The optical modulator is silicon photonics biggest achievement to date, argues Reed. “We were working on modulators in 1991 that worked at 20 megahertz,” he says. “Intel’s Mario Paniccia ribbed me when they got [a modulator] to 1 gigahertz.”  

The Surrey group was not focussing on telecom when they started. “I never believed in the early 1990s that these things were going to go as fast as they became,” says Reed. Partly that was because the early work used much larger waveguides and to increase speed, the dimensions need to shrink.

In 2012, Reed and a dozen colleagues moved from the University of Surrey to the University of Southampton.  Several factors led to the move.
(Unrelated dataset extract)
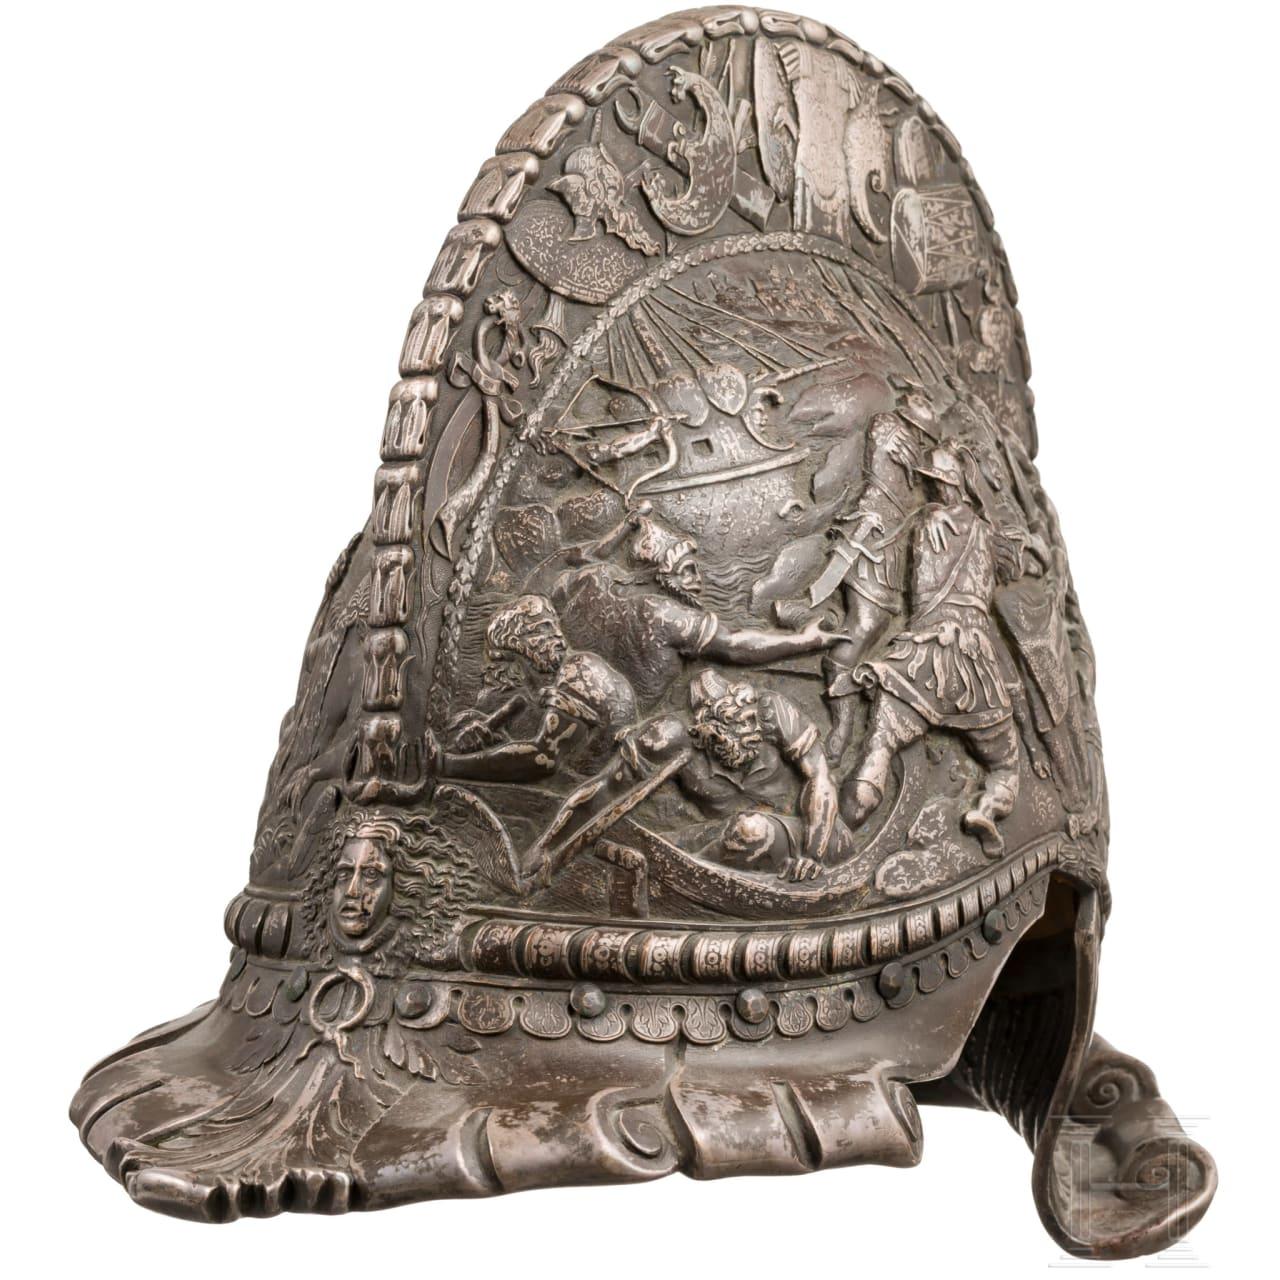 A splendid German historicism burgonet in copper die casting, modelled after the Renaissance, circa 1860

The University of Southampton was interested in the team, given its reputation and the rising importance of silicon photonics, while Reed was keen to make use of the university’s new on-site fabrication plant, which he describes as the best university fab in the UK and probably Europe. 

“We were increasing frustrated with the fab facilities around the world,” says Reed. The team used multi-project wafers where companies and institutions have their circuits made on a shared wafer. However, such multi-project wafers have a lower run priority.

“Foundries do a good job but they often take much longer to deliver [the designs] than they aim,” says Reed. Worst case, it can take over three years to receive the chip design back. Given a project cycle typically lasts three years, this is a non-starter, he says: “Having a fab that you have a lot of control over is a big attraction”. 

 

Research focus

Reed’s group is regularly approached by companies from all over the world. But it wasn't always like that. In the 1990s, getting funding to research silicon photonics was a challenge, he says.

The companies now contacting Reed’s group are either in the field and have a difficulty, or they want to enter the marketplace. “They want particular work done or a particular device worked upon,” he says.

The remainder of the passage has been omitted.